PartMC  2.6.1
Data Types | Functions/Subroutines
pmc_stats Module Reference

The stats_t type and associated subroutines. More...

Data Types

type  stats_1d_t
 Structure for online computation of 1D arrays of mean and variance. More...
 
type  stats_2d_t
 Structure for online computation of 2D arrays of mean and variance. More...
 
type  stats_t
 Structure for online computation of mean and variance. More...
 

Functions/Subroutines

subroutine stats_clear (stats)
 Clear data statistics collected so far. More...
 
subroutine stats_1d_clear (stats)
 Clear data statistics collected so far. More...
 
subroutine stats_2d_clear (stats)
 Clear data statistics collected so far. More...
 
subroutine stats_add (stats, data)
 Add a new data value to a stats_t structure. More...
 
subroutine stats_1d_add (stats, data)
 Add all new data values to a stats_1d_t structure. More...
 
subroutine stats_1d_add_entry (stats, data, i)
 Add a new single data value to a stats_1d_t structure. More...
 
subroutine stats_2d_add (stats, data)
 Add all new data values to a stats_2d_t structure. More...
 
subroutine stats_2d_add_row (stats, data, i)
 Add a row of new data values to a stats_2d_t structure. More...
 
subroutine stats_2d_add_col (stats, data, j)
 Add a column of new data values to a stats_2d_t structure. More...
 
subroutine stats_2d_add_entry (stats, data, i, j)
 Add a single new data value to a stats_2d_t structure. More...
 
real(kind=dp) function stats_conf_95_offset (stats)
 Compute the 95% confidence interval offset from the mean. More...
 
real(kind=dp) function, dimension(size(stats%n)) stats_1d_conf_95_offset (stats)
 Compute the 95% confidence interval offset from the mean. More...
 
real(kind=dp) function, dimension(size(stats%n, 1), size(stats%n, 2)) stats_2d_conf_95_offset (stats)
 Compute the 95% confidence interval offset from the mean. More...
 
subroutine update_mean_var (mean, var, data, n)
 Compute a running average and variance. More...
 
real(kind=dp) function student_t_95_coeff (n_sample)
 Return a fairly tight upper-bound on the Student's t coefficient for the 95% confidence interval. More...
 
real(kind=dp) function conf_95_offset (var, n_sample)
 95% confidence interval offset from mean. More...
 
subroutine stats_output_netcdf (stats, ncid, name, unit)
 Write statistics (mean and 95% conf. int.) to a NetCDF file. More...
 
subroutine stats_1d_output_netcdf (stats, ncid, name, dim_name, unit)
 Write statistics (mean and 95% conf. int.) to a NetCDF file. More...
 
subroutine stats_2d_output_netcdf (stats, ncid, name, dim_name_1, dim_name_2, unit)
 Write statistics (mean and 95% conf. int.) to a NetCDF file. More...
 
subroutine stats_1d_output_text (stats, filename, dim)
 Write statistics (mean and 95% conf. int.) to a text file. More...
 

Detailed Description

The stats_t type and associated subroutines.
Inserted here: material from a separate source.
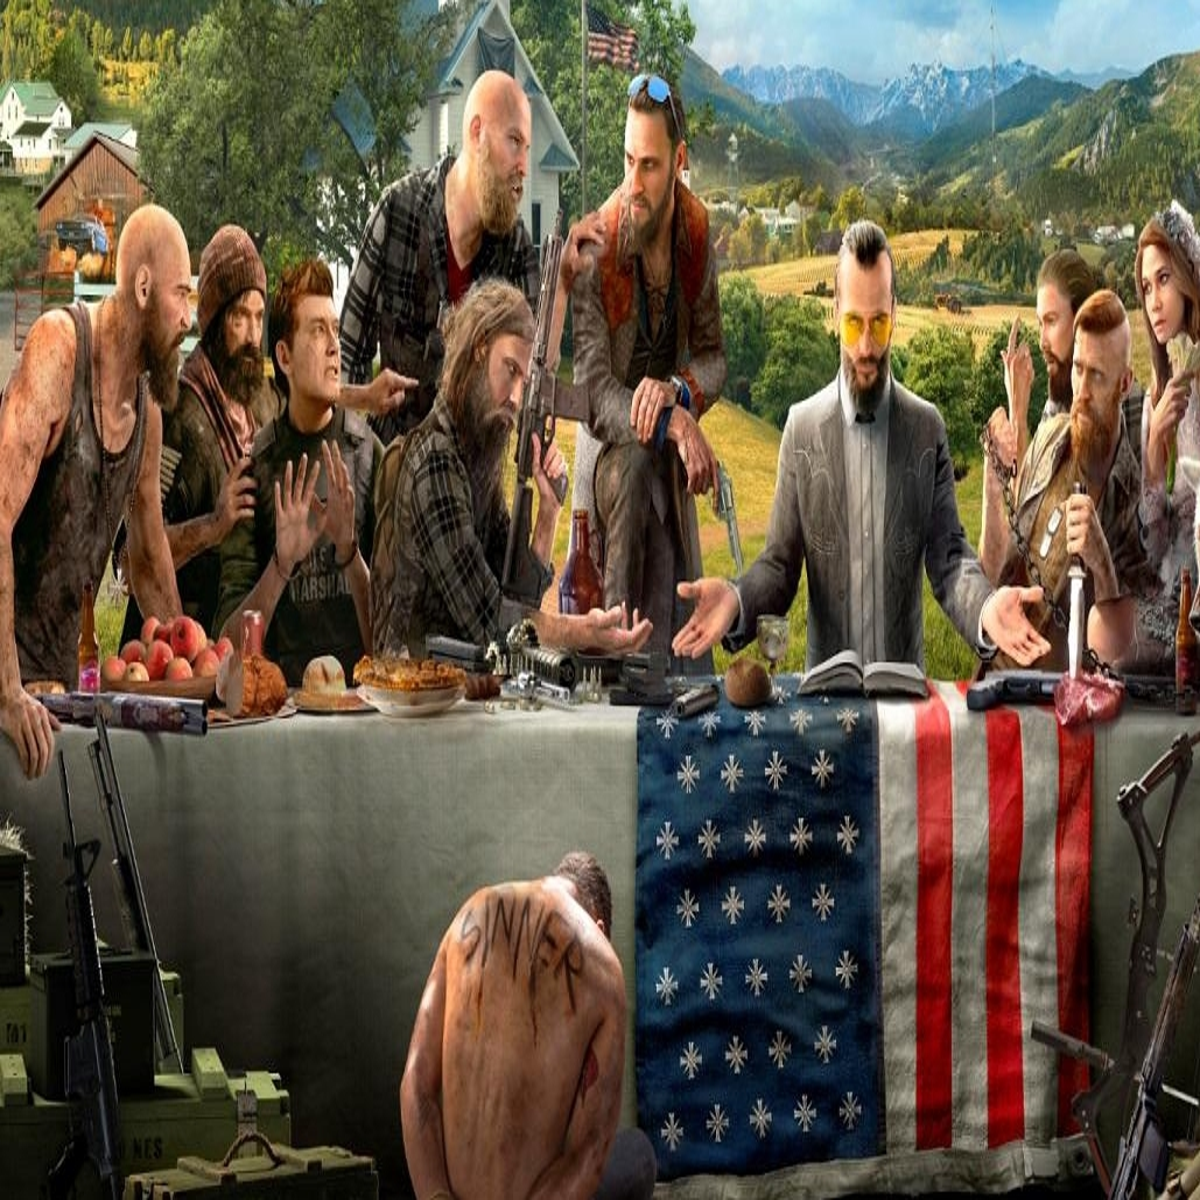 Ubisoft Celebrates Far Cry 5's Fifth Anniversary With Next-Gen

Function/Subroutine Documentation

◆ conf_95_offset()

real(kind=dp) function pmc_stats::conf_95_offset ( real(kind=dp), intent(in)  var,
integer, intent(in)  n_sample 
)

95% confidence interval offset from mean.

If mean and var are the sample mean and sample variance of n data values, then

 offset = conf_95_offset(var, n)
 

means that the 95% confidence interval for the mean is [mean - offset, mean + offset].

If n_sample is one or less then zero is returned.

Parameters
[in]varSample variance of data.
[in]n_sampleNumber of samples.
Returns
Return offset from mean for the 95% confidence interval.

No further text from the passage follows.